В частном письме однажды Куприн обмолвился: «С Россией я не во вражде, а в семейной ссоре». В том, что его любовь к народу взаимна, он убедился лично. Но отдать свой долг народу не успел. Он умер 25 августа 1938 года, ровно полвека назад, не дожив двух недель до своего 68-летия.


Впервые рассказ «Извощик Петр» Куприн читал на своем вечере 18 мая 1924 года в Большом зале парижского отеля «Мажестик».


Пунктуация и написание отдельных слов сохранены авторские.


П. П. ШИРМАКОВ, кандидат филологических наук.


Извощик Петр

рассказ


Глубокая зимняя ночь. Синий снег. Черные столетние ели, в белых лапчатых охабках. Я еду на извощике через гатчинский парк, от балтийского вокзала до варшавского (обычная провинциальная прогулка). Узкая дорожка, давно накатанная, блестит полированной сталью. Сладок и крепок морозный воздух. Старая серая, в коричневой гречке, кобыла бежит непринужденной собачьей рысью. Извощик распустил возжи. По всему вижу, что ему хочется поговорить по душам. Изредка замахнется кнутом на лошадь, но не ударит, а лошадь в ответ рассеянно хлестнет хвостом.

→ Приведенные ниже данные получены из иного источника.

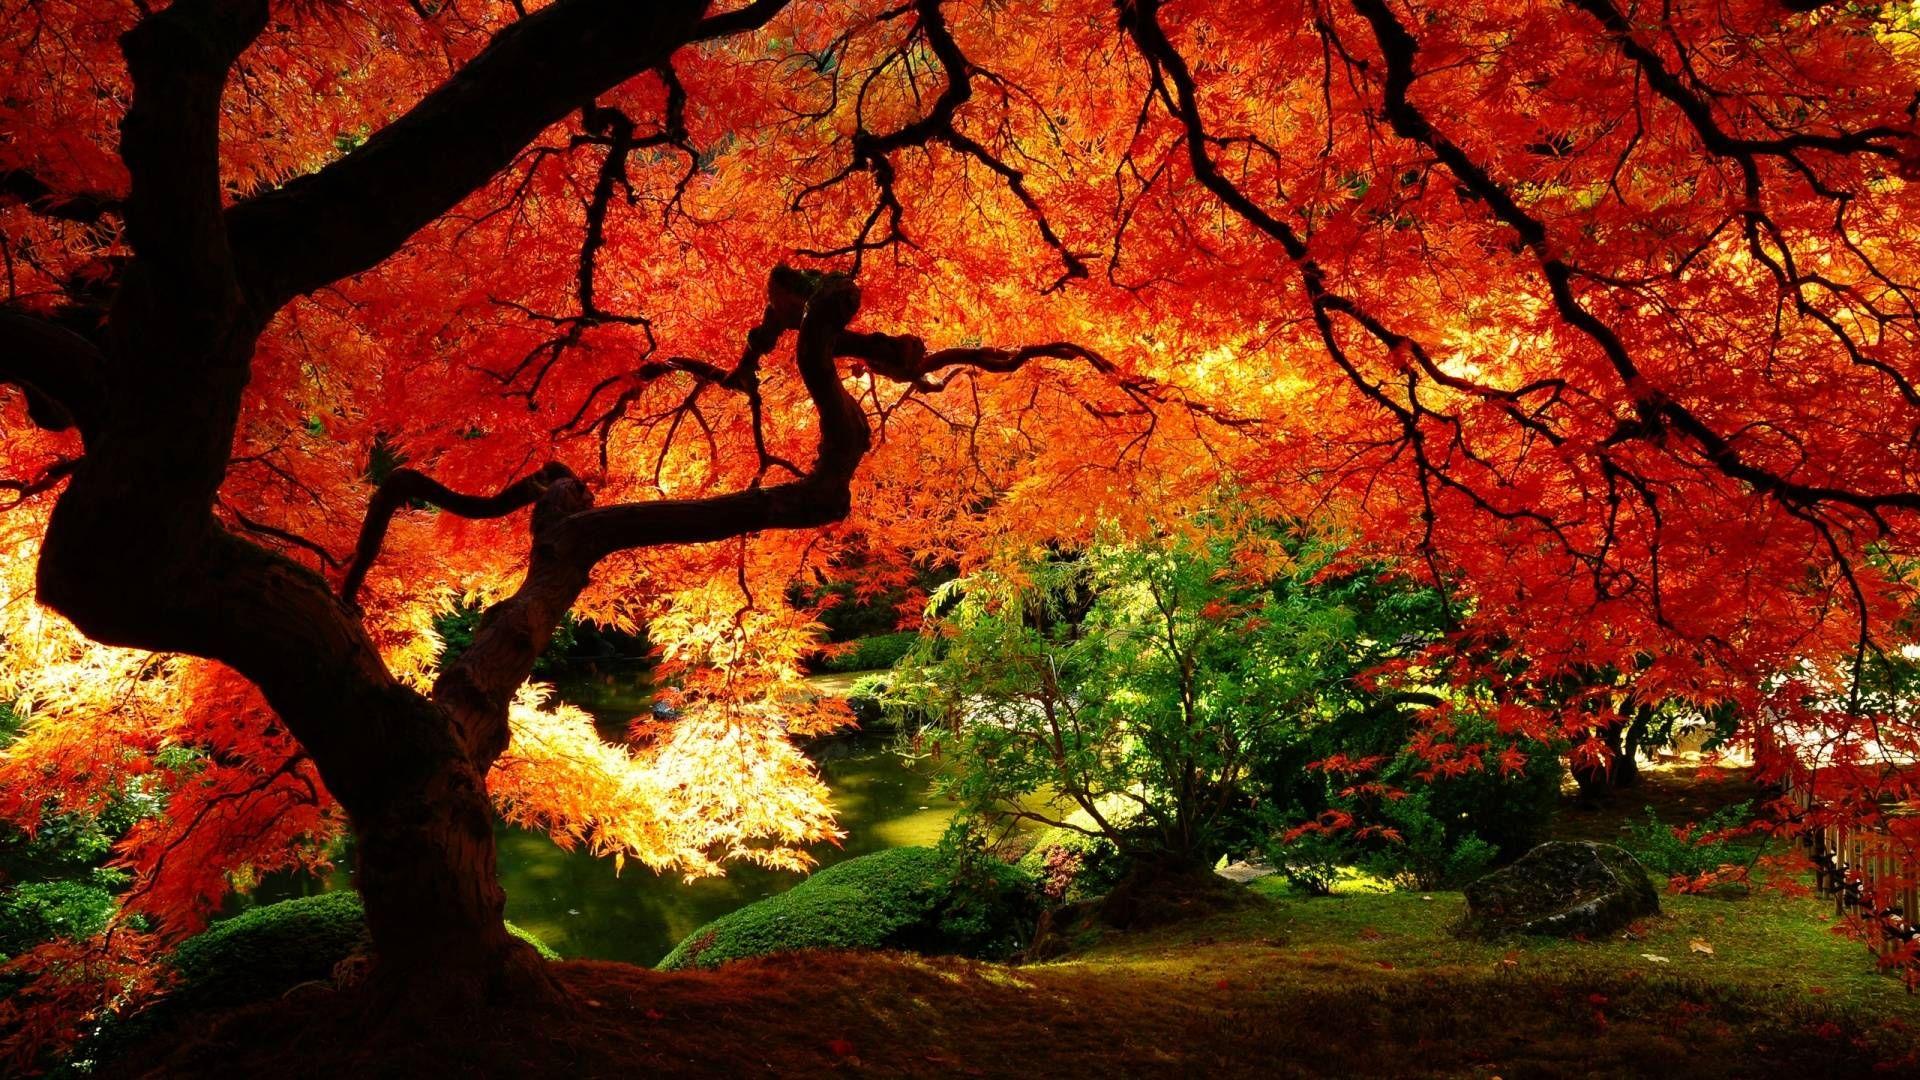 3d Fall Wallpapers Wallpaper Cave Autumn Scenery Landscape Wallpaper Scenery Wallpaper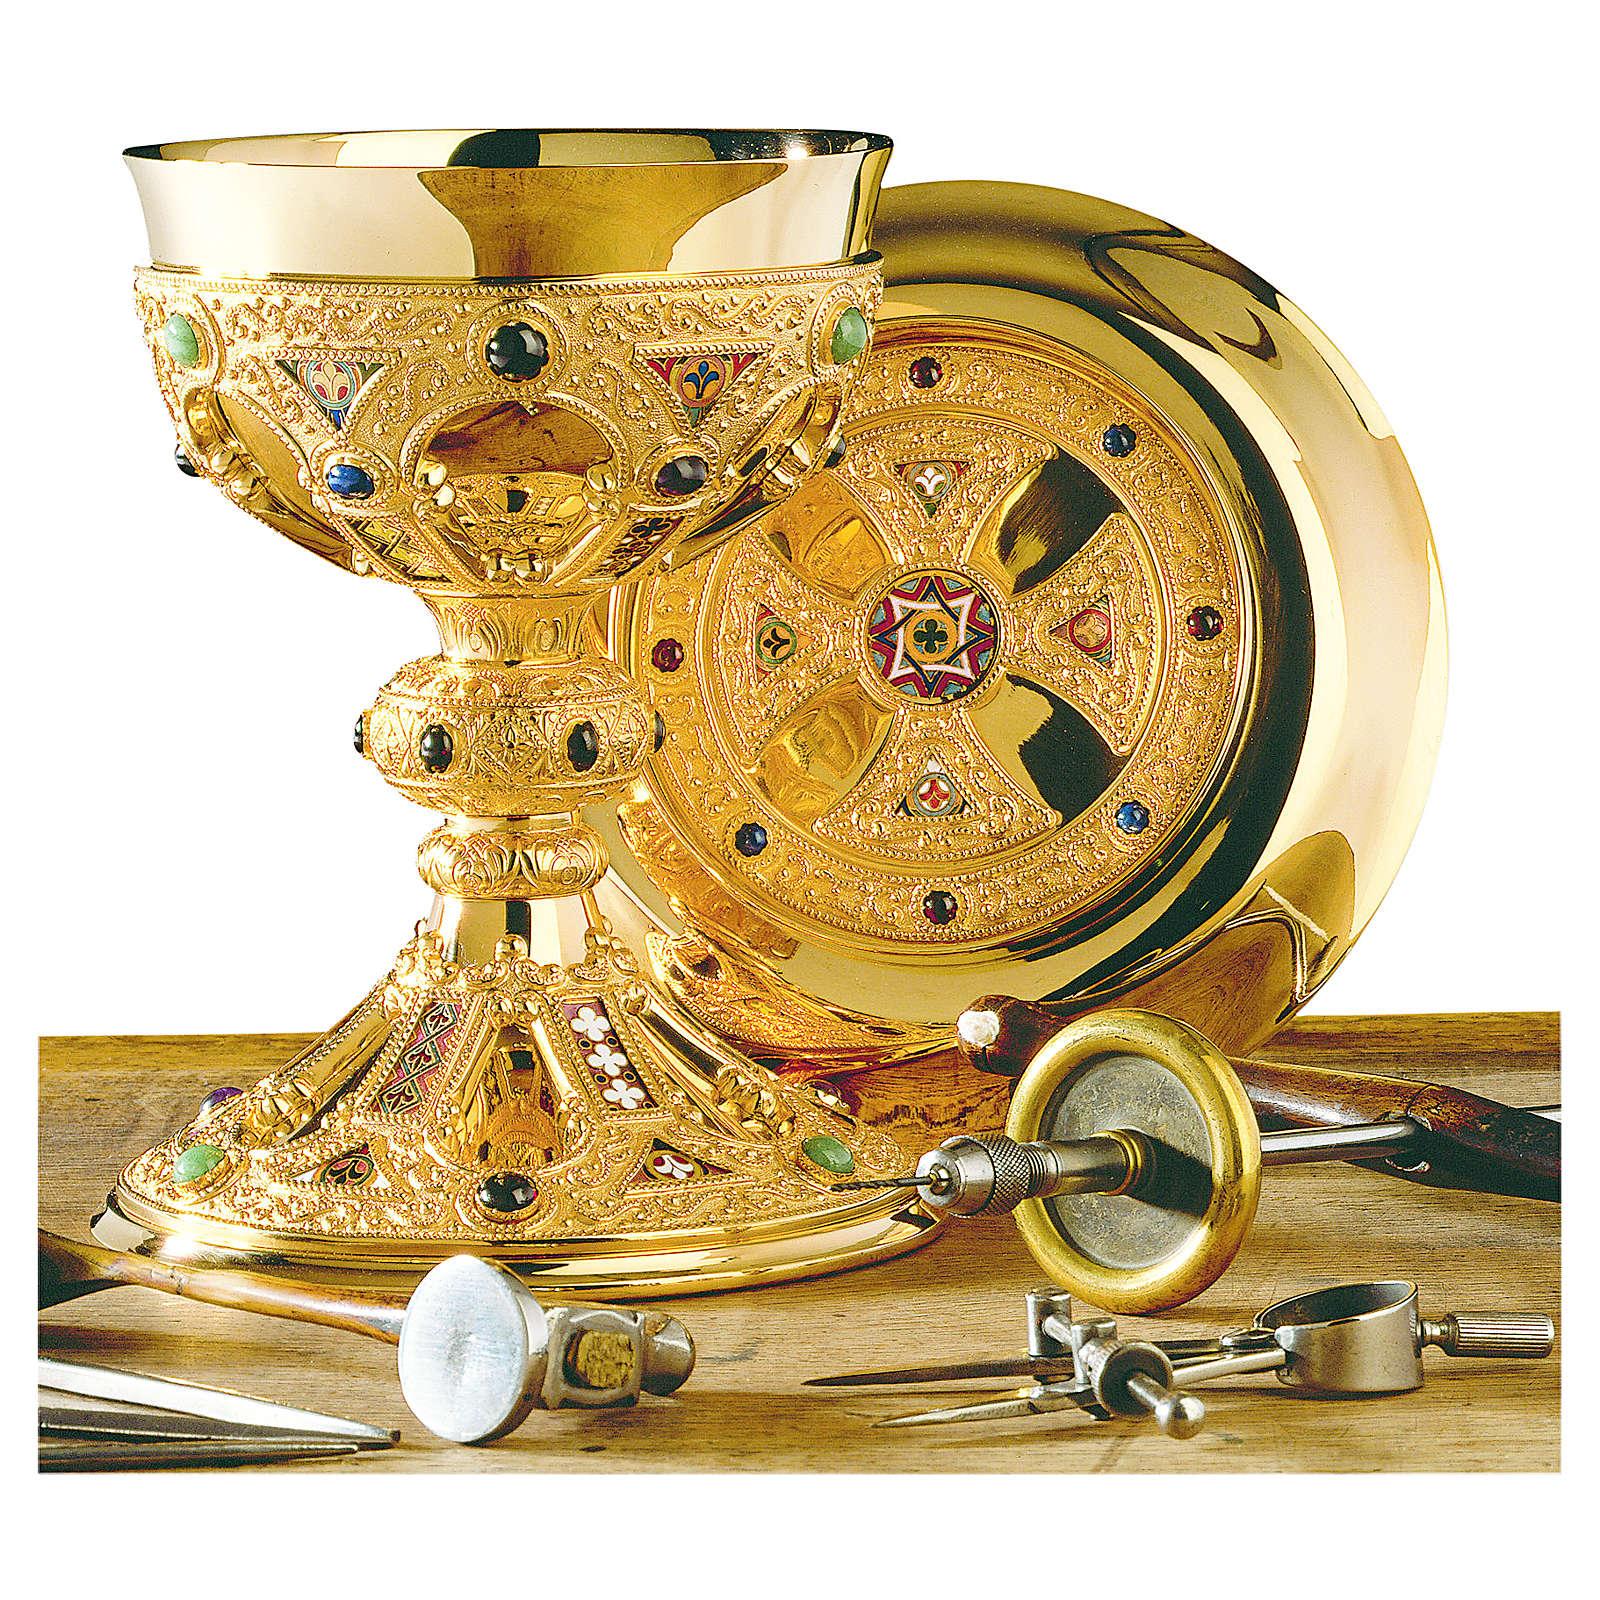 Cálice e patena Molina St. Remy copa em prata 925 maciça 4

Старый, древний быт. Быт, проклятый критиками, создавшими презрительно унизительное словечко для иных писателей - «бытовик». Но почему же в этом быте, в неизменной повторяемости событий, в повседневном обиходе, в однообразной привычности слов, движений, поговорок, песен, обрядов - почему в них всегда жила и живет для меня неизъяснимая прелесть, утверждающая крепче всего и мое бытие в общей жизни?


Да. Я знаю с безошибочной точностью, что сейчас произойдет. Мы подъедем к варшавскому вокзалу. Я спрошу извощика:


- Сколько?


Он непременно ответит:


- Чай, не обидите, Александр Иванович. Тогда я спрошу:


-Тебе выслать псковский бутерброд?


Он ответит со знакомой мне хитрой конфузливостью:


-Если ваша милость будет... Прикажете подождать вас? Старому татарину-слуге


я скажу:


- Бабаи (старик), или иногда Отай (отец), вынеси моему извощику псковский бутерброд!


Он не будет спрашивать о подробностях. И мне, и ему, и извощику сто лет знакомо, как делается это кушанье. Разрезают вдоль французскую пятикопеечную булку, смазывают ее с обеих сторон маслом, прокладывают двумя большими кусками швейцарского сыра, а в середину втискивают ломоть ветчины. Почему «псковский», нам всем неизвестно.


Но татарин сам понимает, что к этому псковскому угощению полагается не водка, а пиво. Отводки извощика развозит, и он потом зябнет, пиво же дает теплоту. И мне больше не о чем заботиться.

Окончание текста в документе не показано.